The scriptwriter for Paradise of Death, Barry Letts, was a former BBC Producer and Director who had (amongst his other credits) produced Doctor Who on television from 1969 to 1974 (in other words, for almost the entire time Jon Pertwee had played the Third Doctor). Letts had also co-written (together with playwright Robert Sloman) several of the Doctor Who television serials in which Pertwee had appeared, and had gone on later in the 1970s to novelise some of the television serials he had produced, which were published in hardback and paperback by WH Allen. He would also novelise his own scripts for this radio serial, for publication by WH Allen in 1994.

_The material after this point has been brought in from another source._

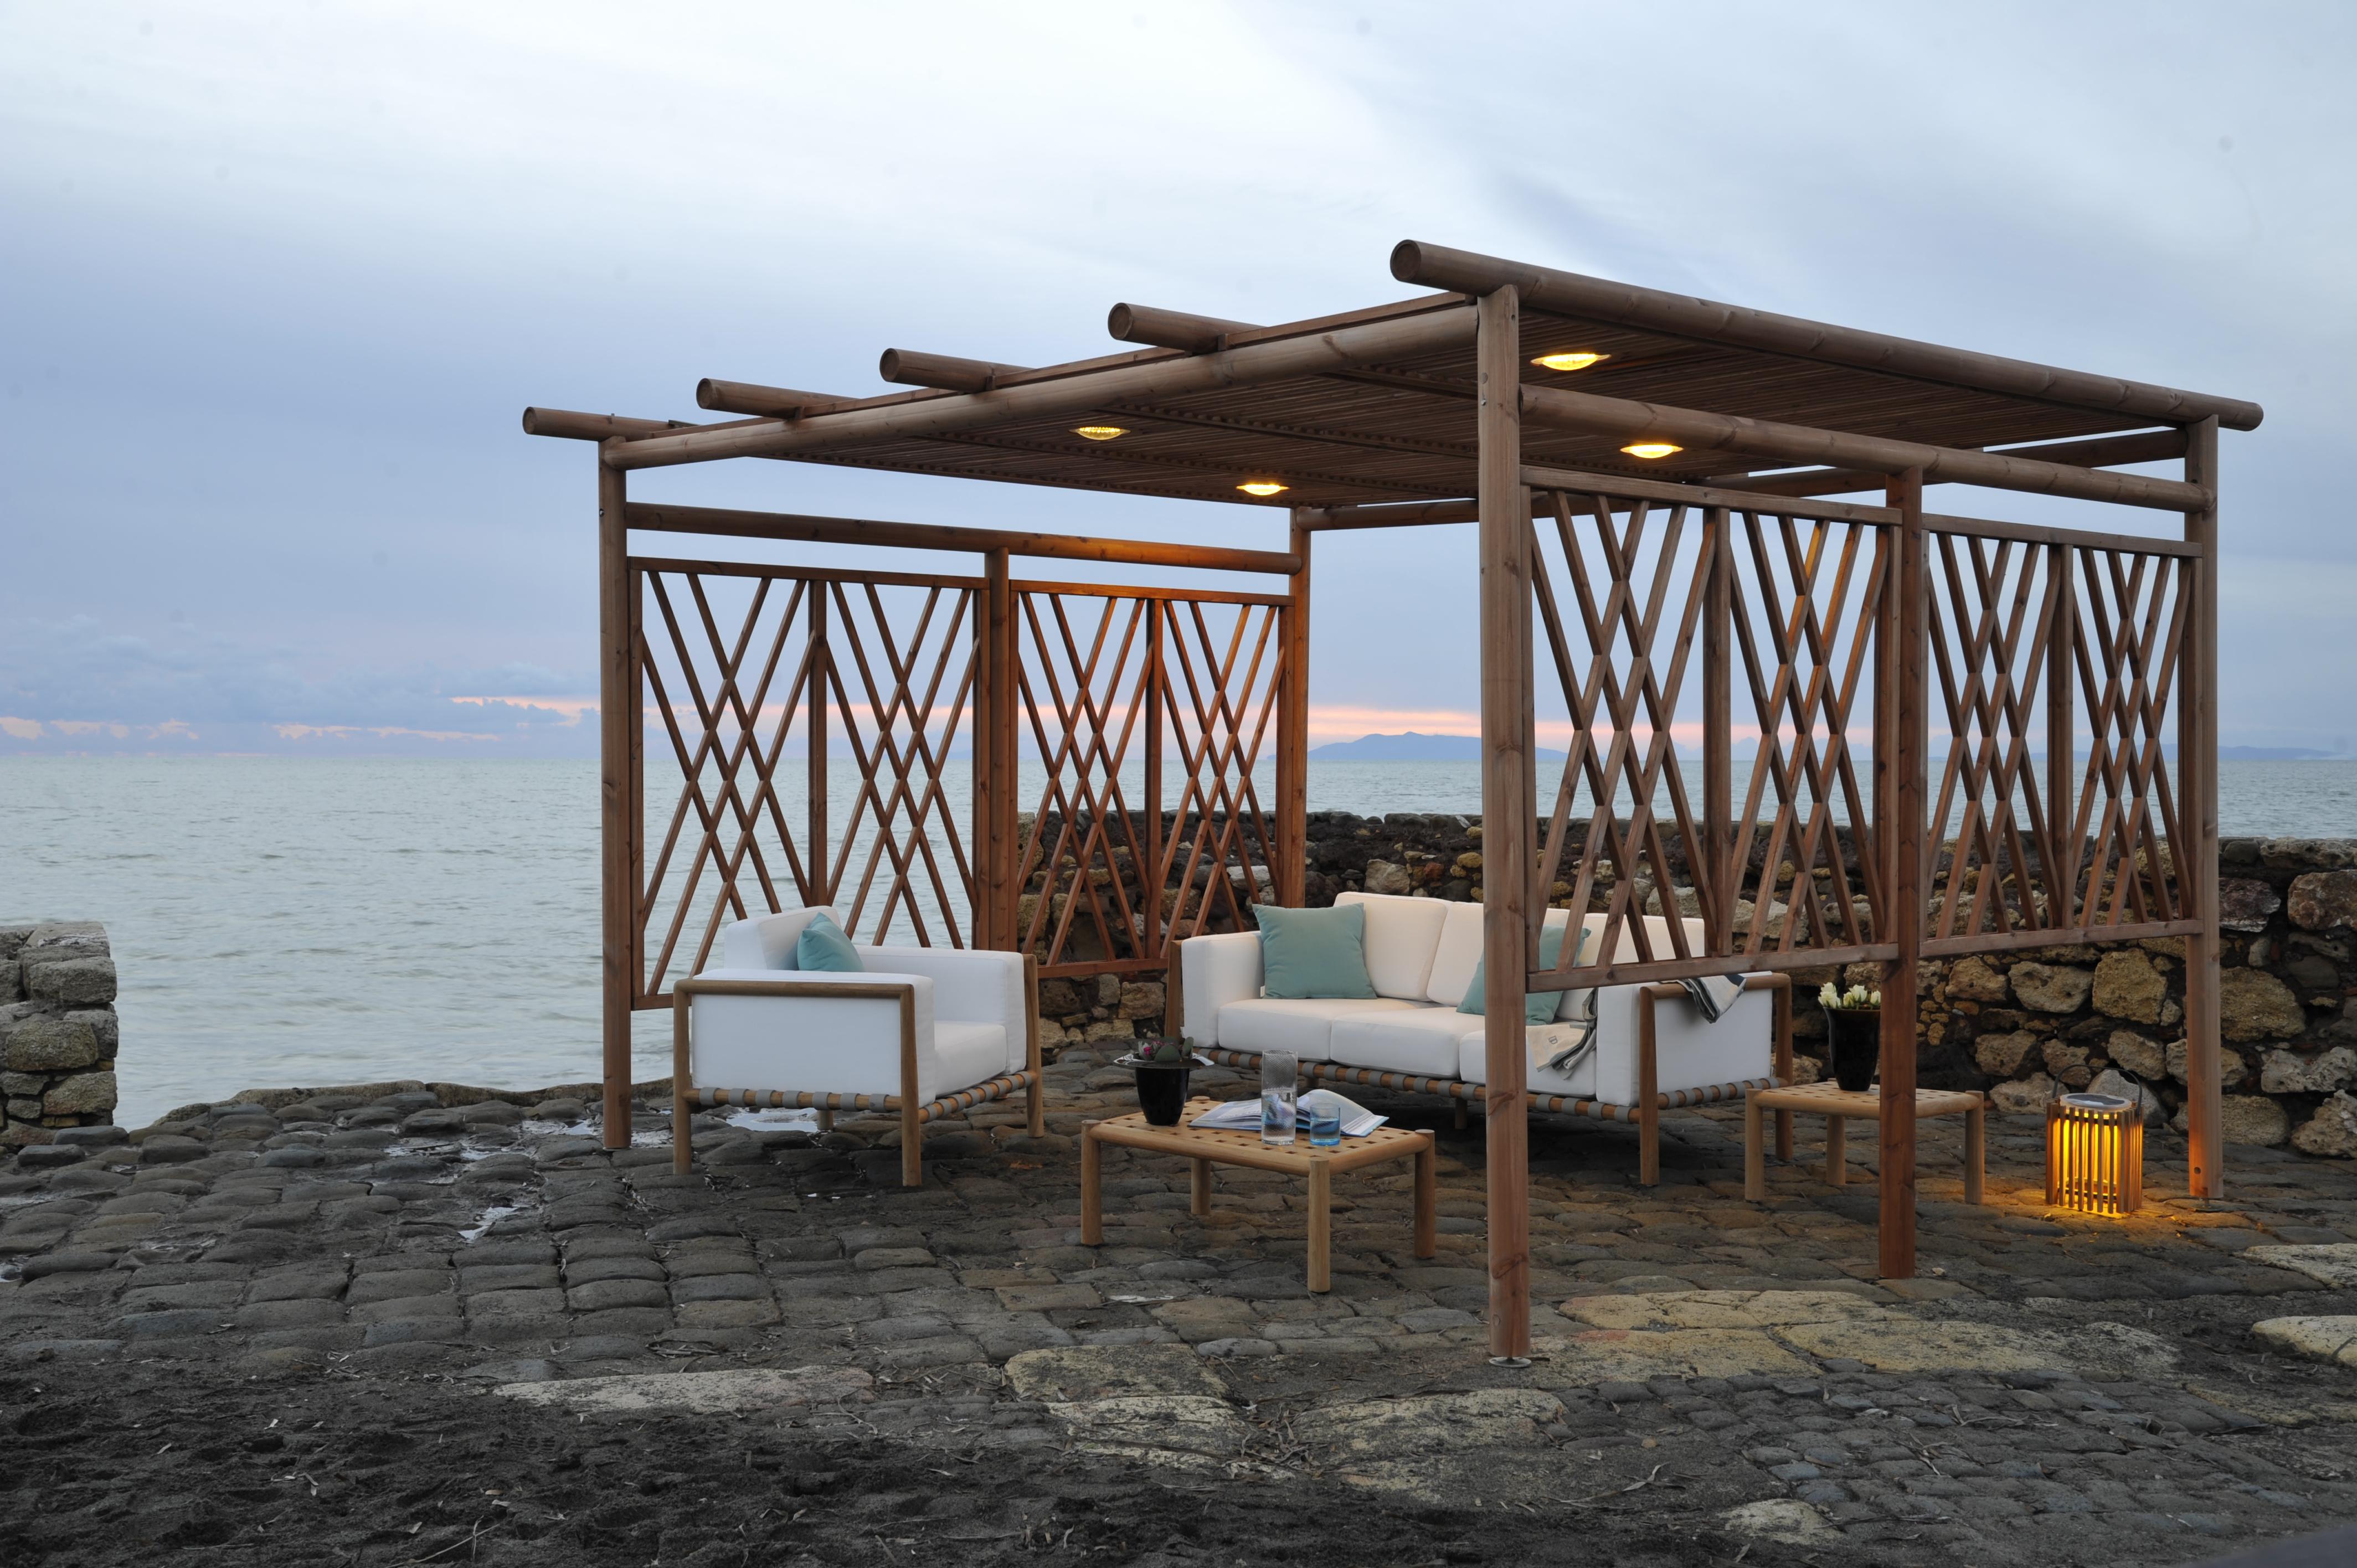 Nagi is a complete system of outdoor structures that can be customised with the utmost free- dom, made of impregnated Nordic pine wood in bankirai or white colour to ensure solidity and durability.
Inspired by Japanese aesthetics, the modern cir-

Because of Letts' familiarity with the Doctor Who series from the five years that he had produced the show, it was an obvious decision that his script would feature that period: namely Pertwee's Doctor, and some of the regulars (in the event, the Brigadier and Sarah Jane) whom Pertwee knew from his time on the show. In effect, this radio production was a reunion of the main cast who had worked on Pertwee's final season on television in 1973–74.

The serial The Paradise of Death was first broadcast in five episodes on BBC Radio 5 (a station which, at the time, was heard solely on AM in the UK) from 27 August to 24 September 1993. It was subsequently repeated, between 12 April and 10 May 1994, by BBC Radio 2 on FM.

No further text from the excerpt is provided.